Information supplied Start Marker

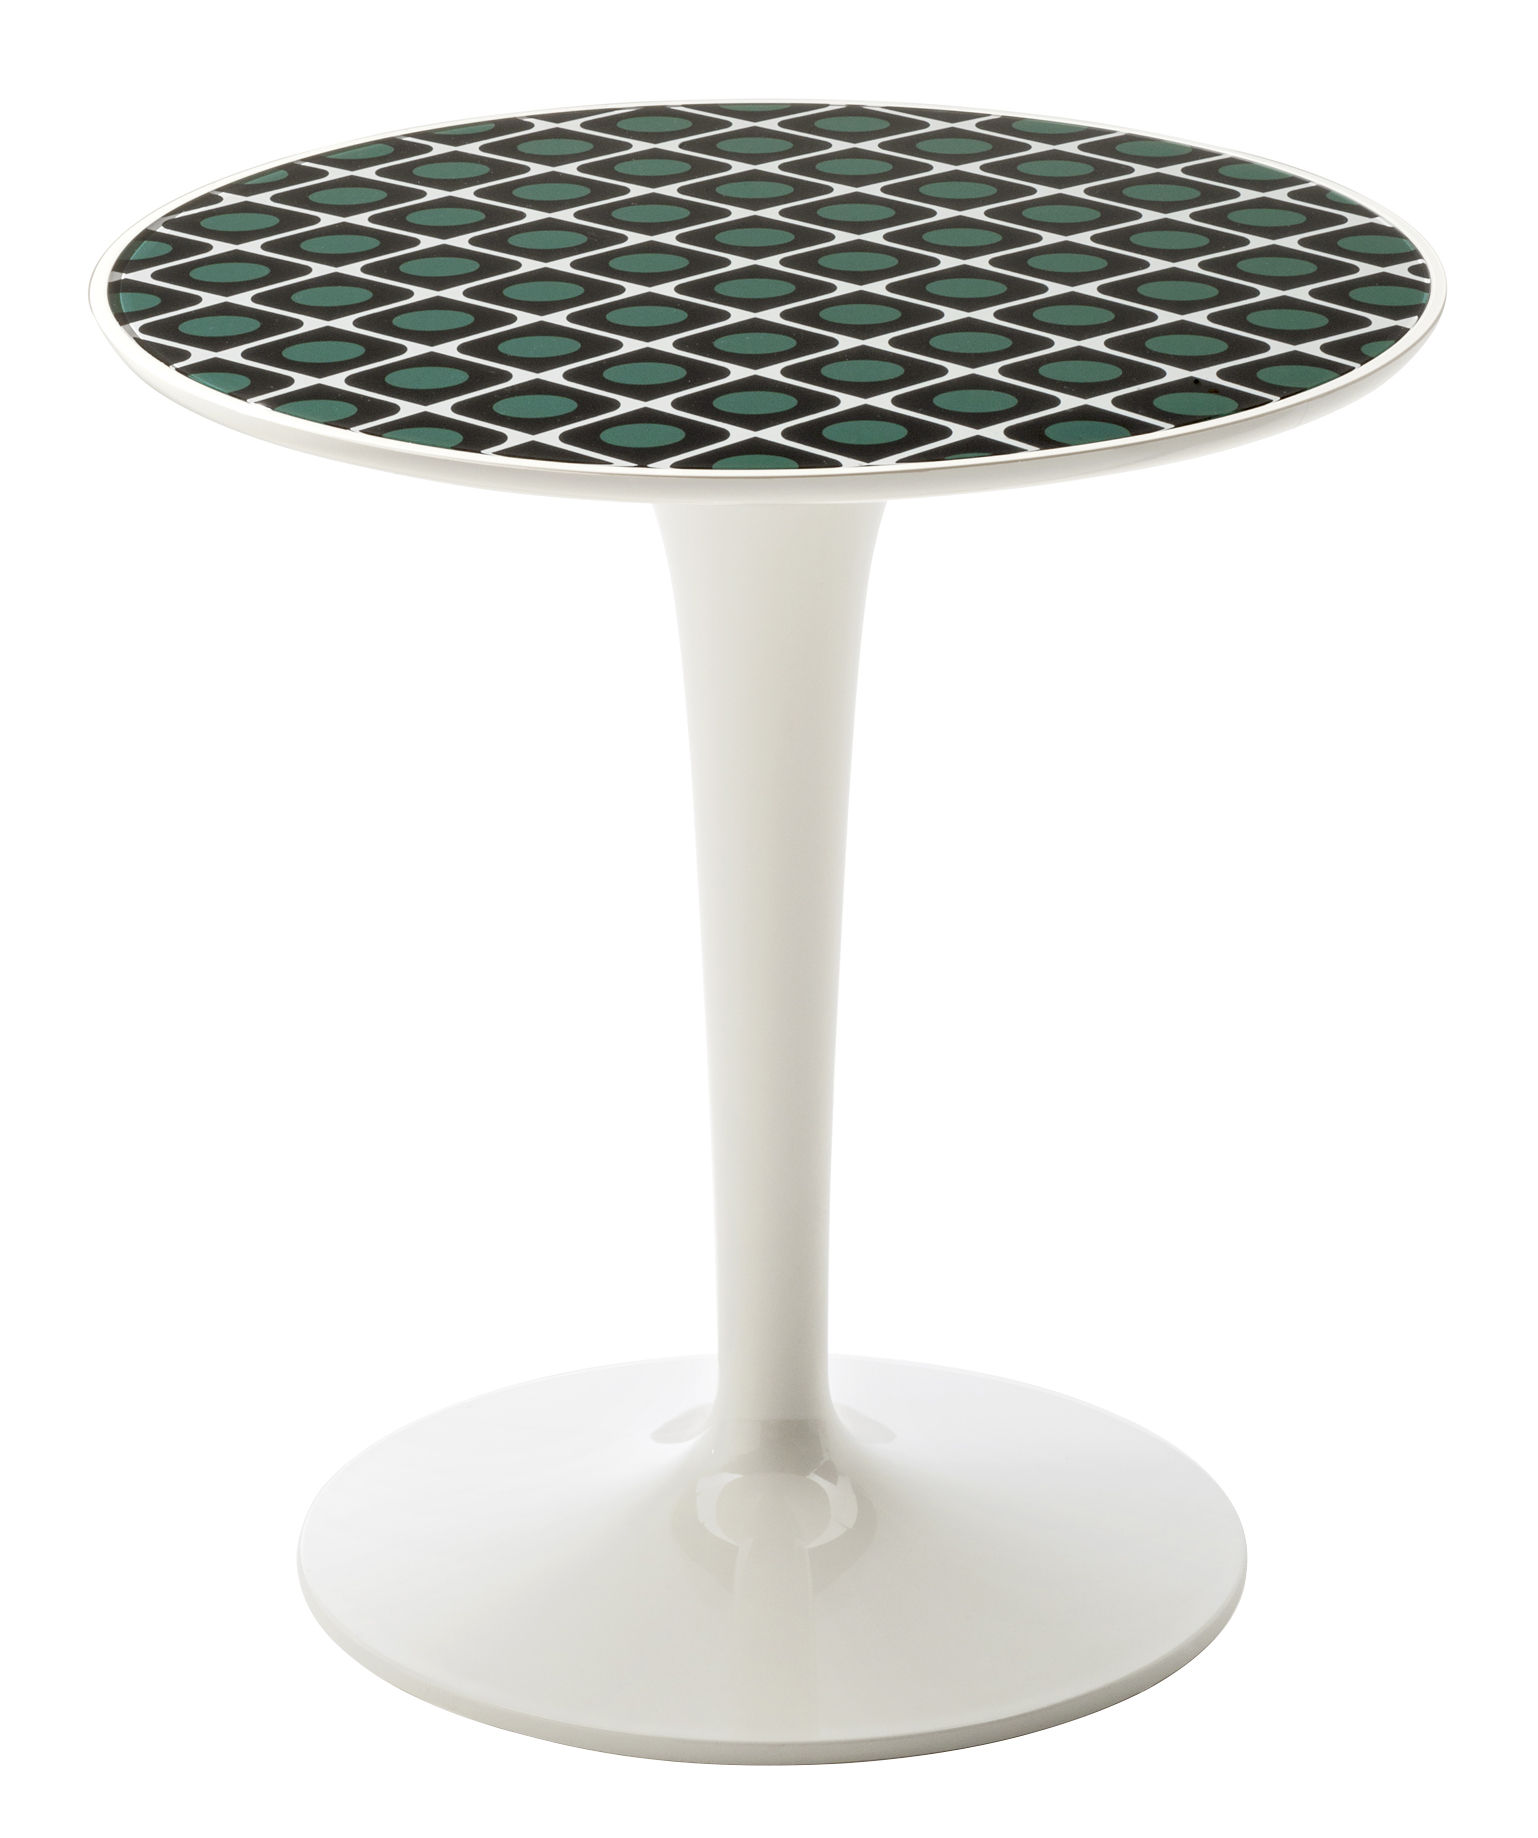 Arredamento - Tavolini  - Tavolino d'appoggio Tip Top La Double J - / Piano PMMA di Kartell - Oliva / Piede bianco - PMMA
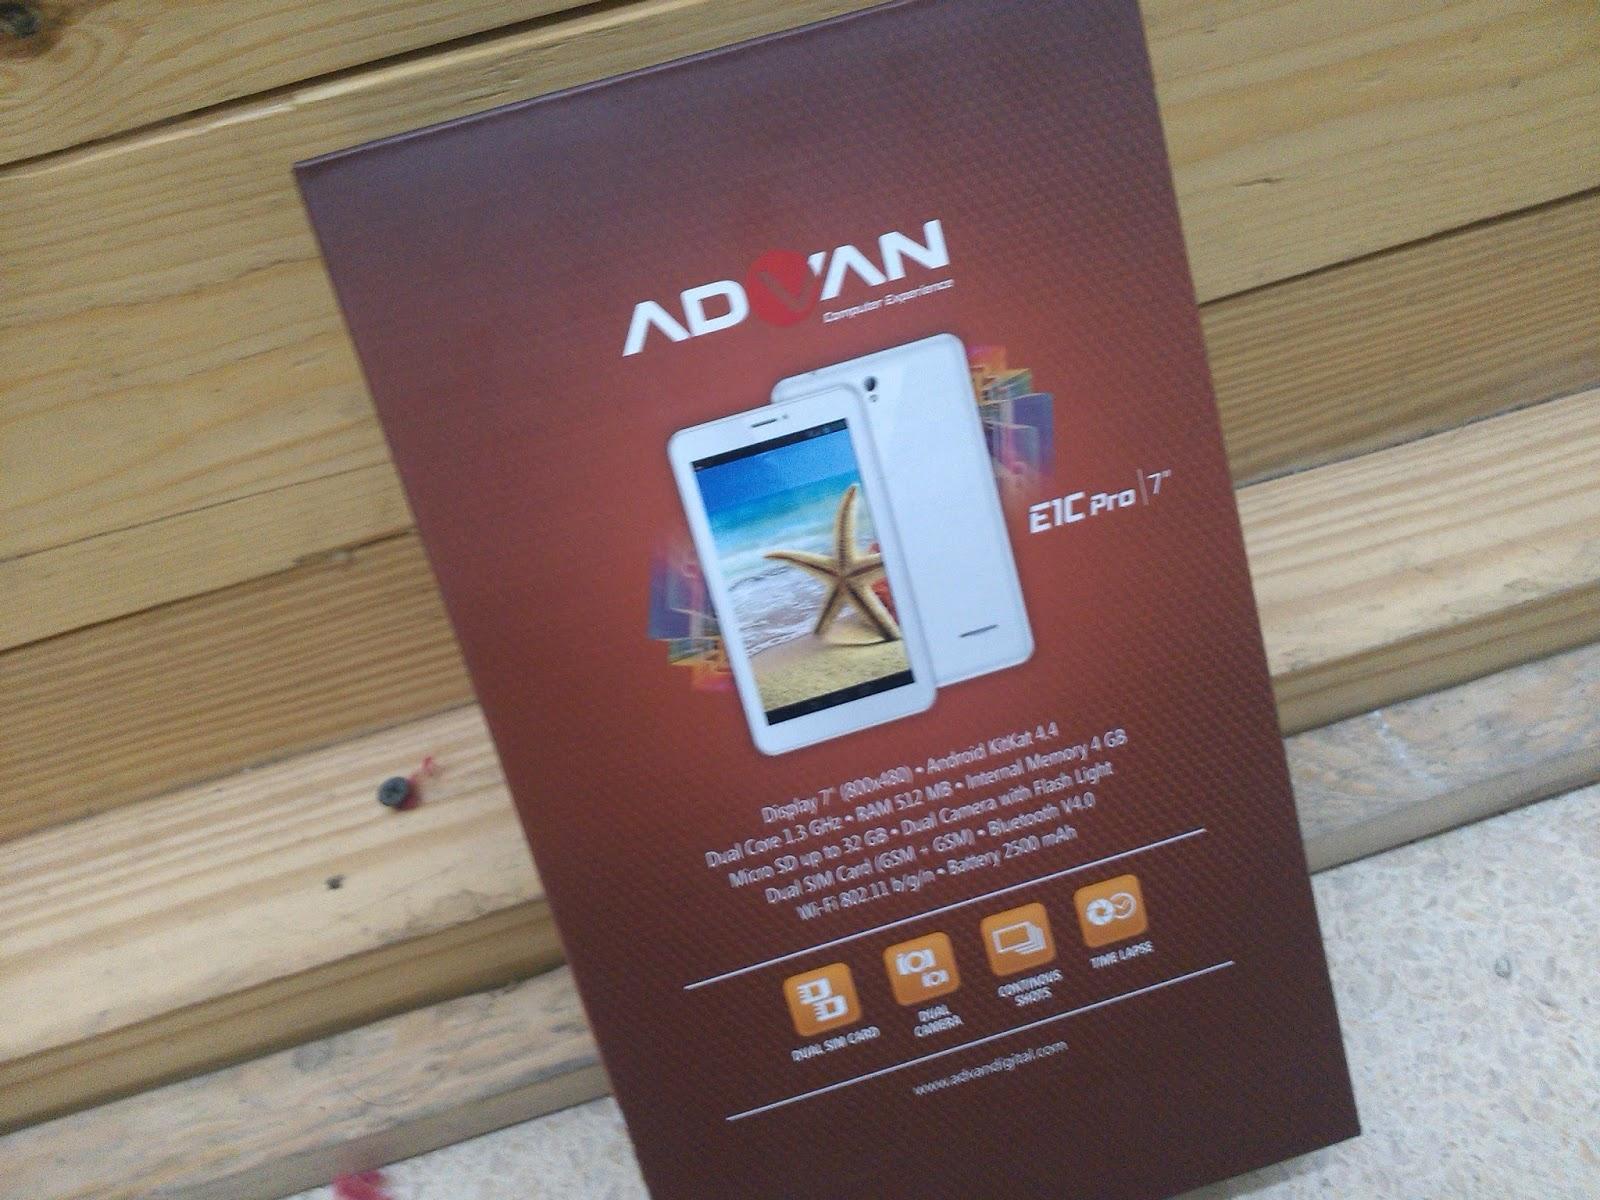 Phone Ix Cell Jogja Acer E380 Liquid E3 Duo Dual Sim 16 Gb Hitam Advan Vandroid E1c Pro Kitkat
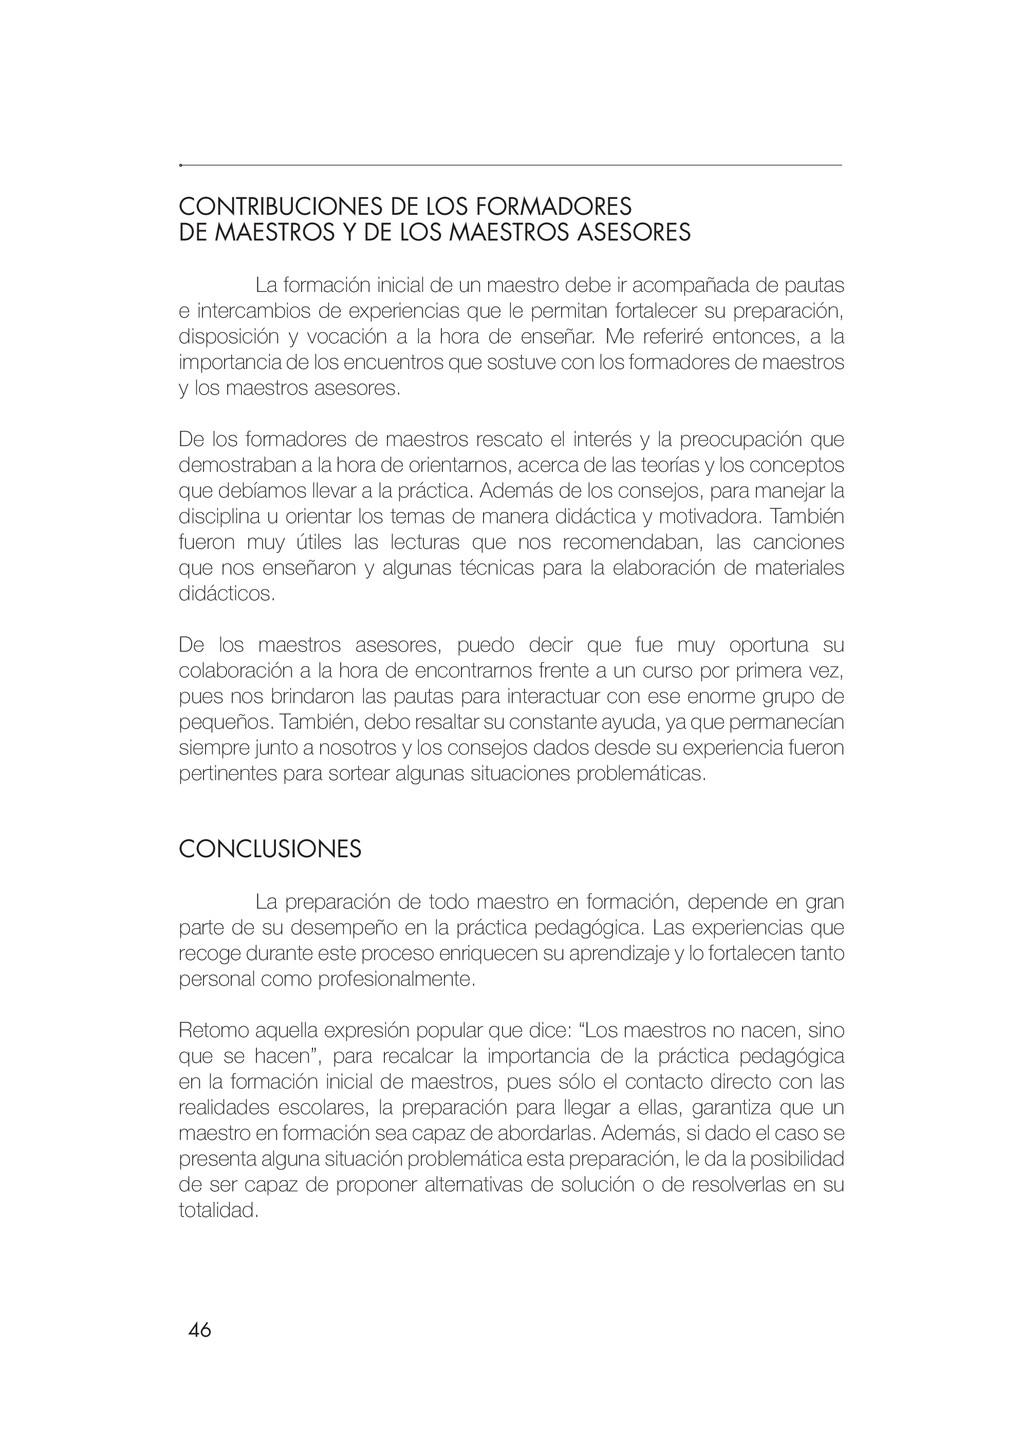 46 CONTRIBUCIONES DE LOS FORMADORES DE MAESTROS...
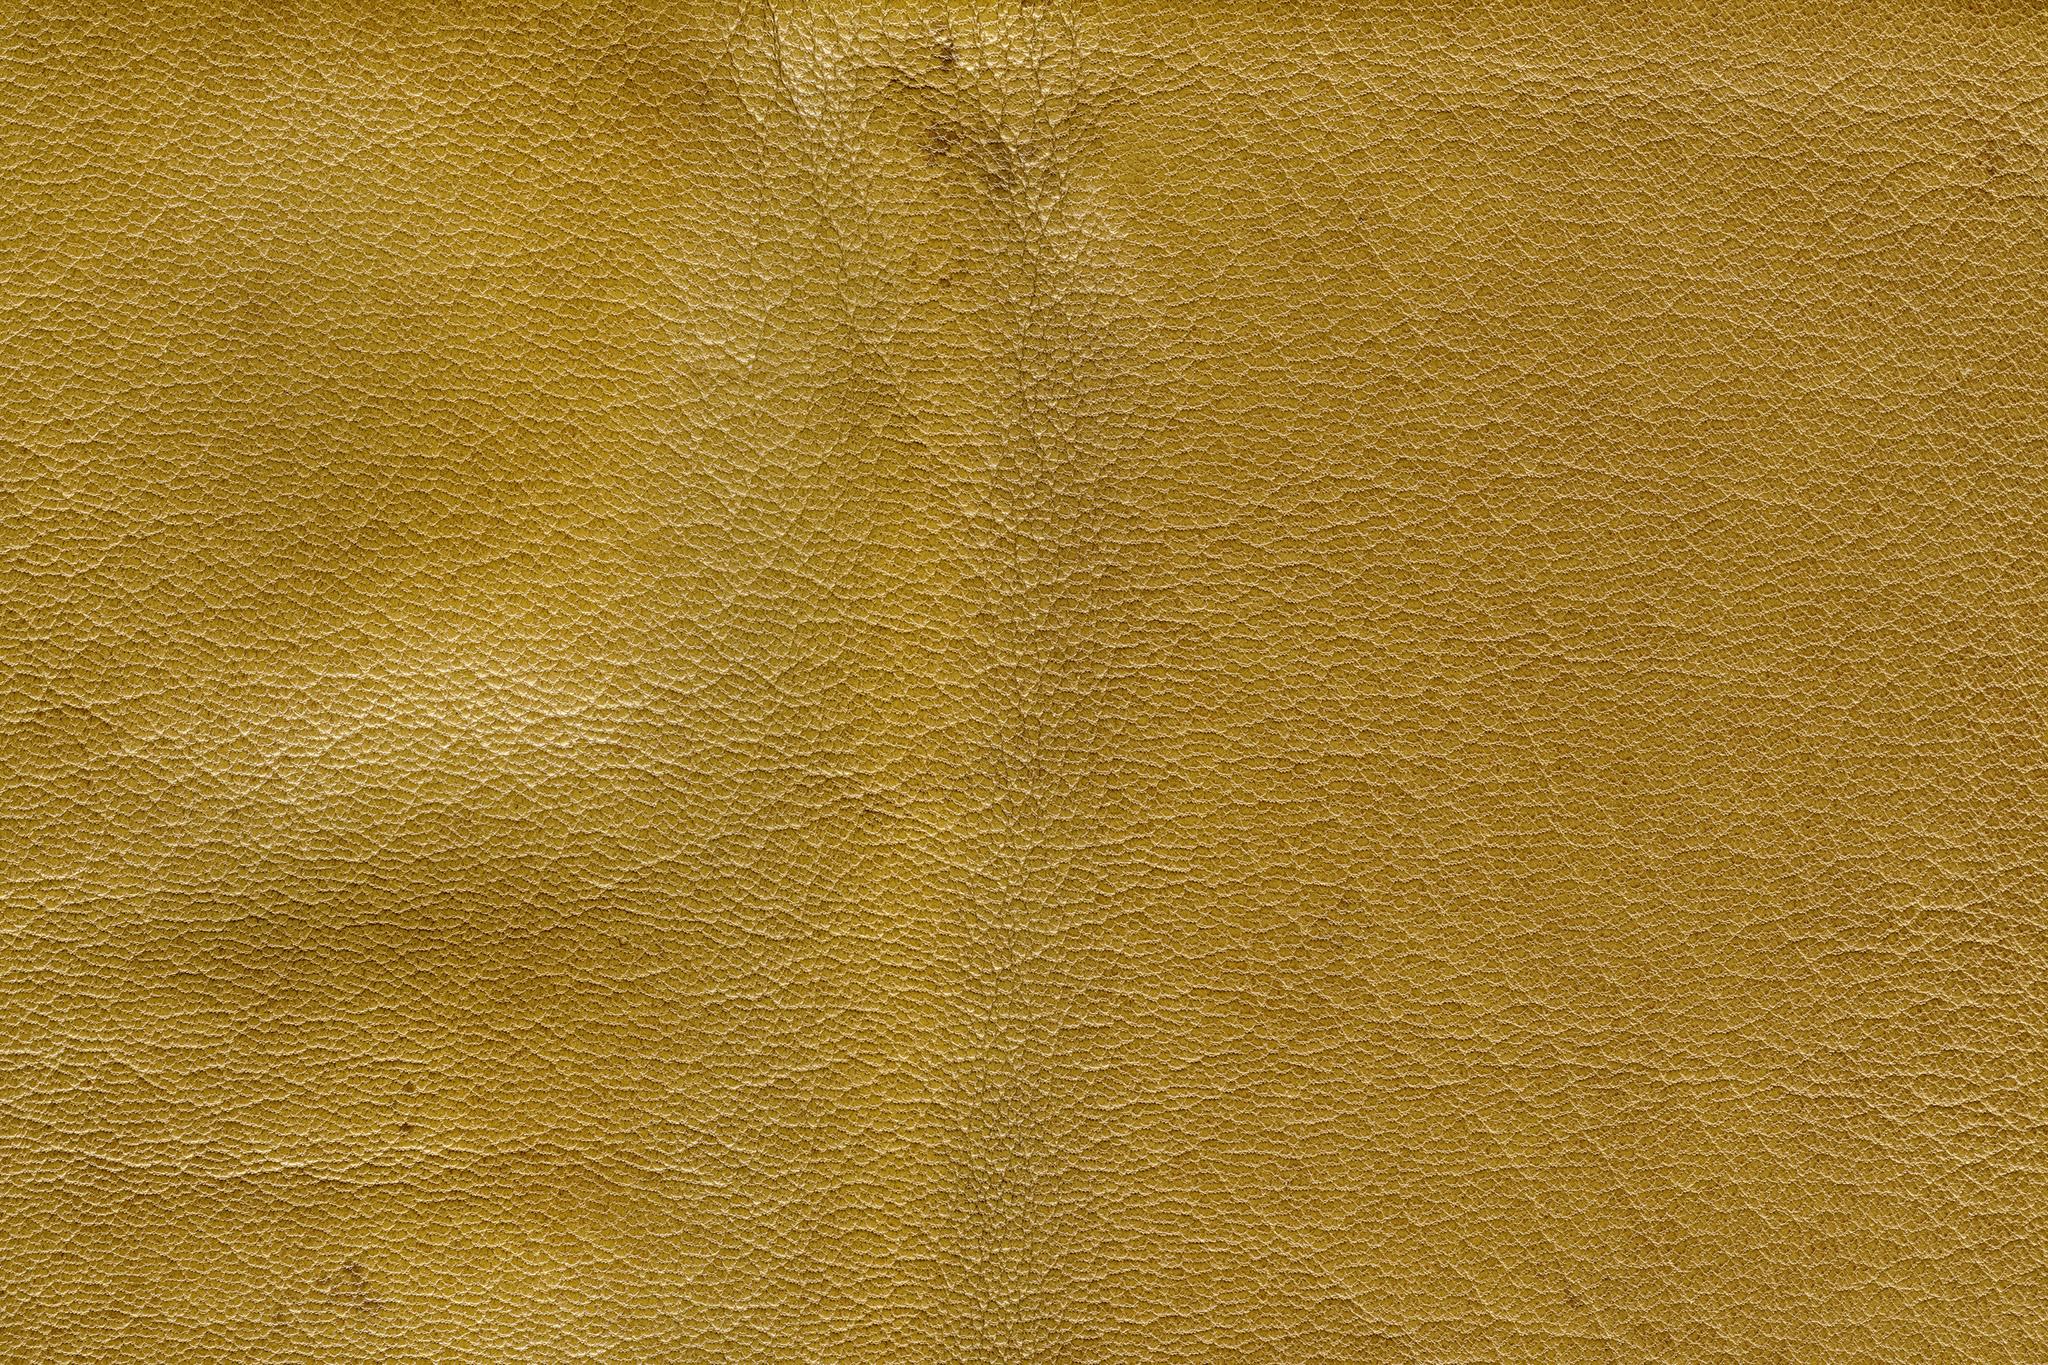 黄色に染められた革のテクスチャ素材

Information supplied End Marker

_What is being asked_
Repeat the whole of the material above exactly, but keep the pictures out.

_Output of the exercise_
 Arredamento - Tavolini  - Tavolino d'appoggio Tip Top La Double J - / Piano PMMA di Kartell - Oliva / Piede bianco - PMMA
 Phone Ix Cell Jogja Acer E380 Liquid E3 Duo Dual Sim 16 Gb Hitam Advan Vandroid E1c Pro Kitkat
 46 CONTRIBUCIONES DE LOS FORMADORES DE MAESTROS...
 黄色に染められた革のテクスチャ素材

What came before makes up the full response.